- Wiley holding a rattlesnake and a gila monster
- Born: February 18, 1883 Chanute, Kansas, US
- Died: July 20, 1948 (aged 65) Long Beach, California, US
- Education: University of Kansas
- Known for: first person to successfully breed rattlesnakes in captivity
- Scientific career
- Fields: Herpetology
- Workplaces: Minneapolis Public Library, Brookfield Zoo

= Grace Olive Wiley =

American herpetologist

Grace Olive Wiley (February 18, 1883 – July 20, 1948) was an American herpetologist best known for her work with venomous snakes.
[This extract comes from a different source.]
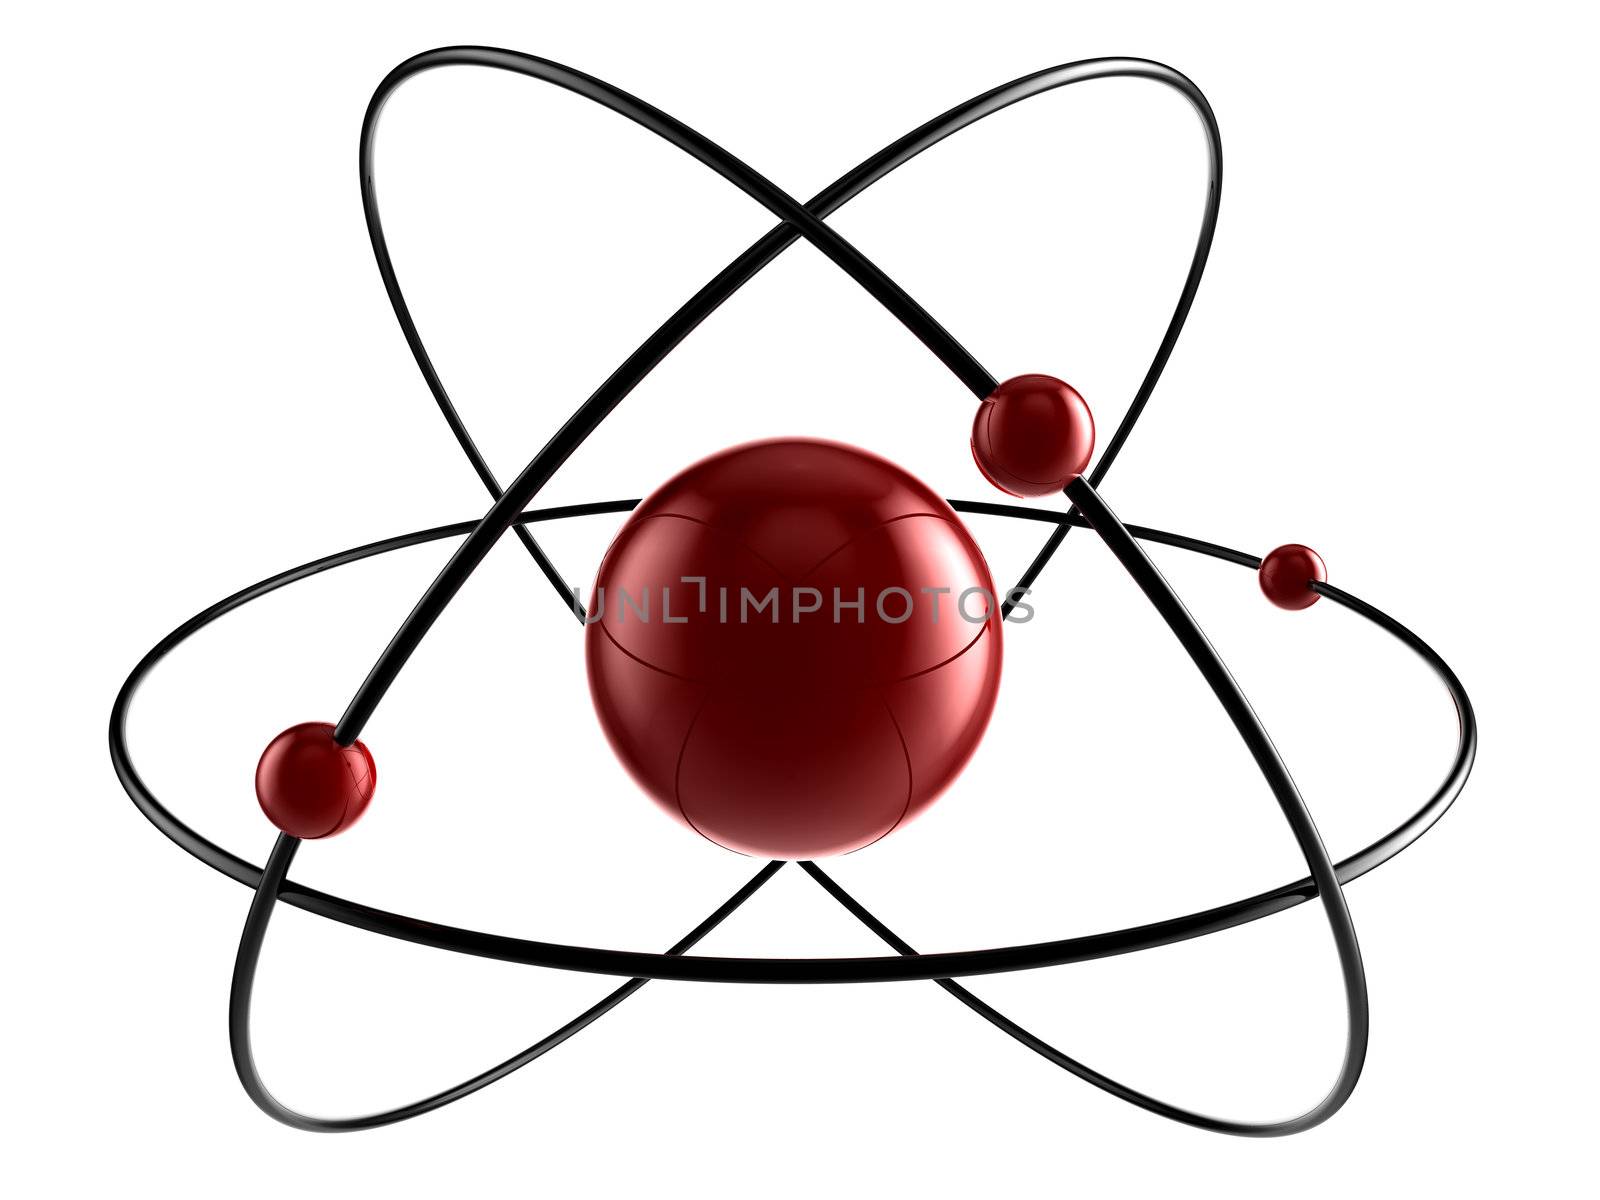 A nucleus with 3 orbital rings and electrons around the core

She died of a snakebite she received while posing for a photographer at the age of 65.

==Background==
Wiley originally worked as an entomologist at the University of Kansas, but during her mid-thirties she began collecting and observing rattlesnakes while doing field work in the Southwestern United States. Within a few years she became the first person to successfully breed rattlesnakes in captivity. In 1923, she was named a curator at the Minneapolis Public Library which had an extensive collection of live reptiles and amphibians in its now-defunct natural history museum.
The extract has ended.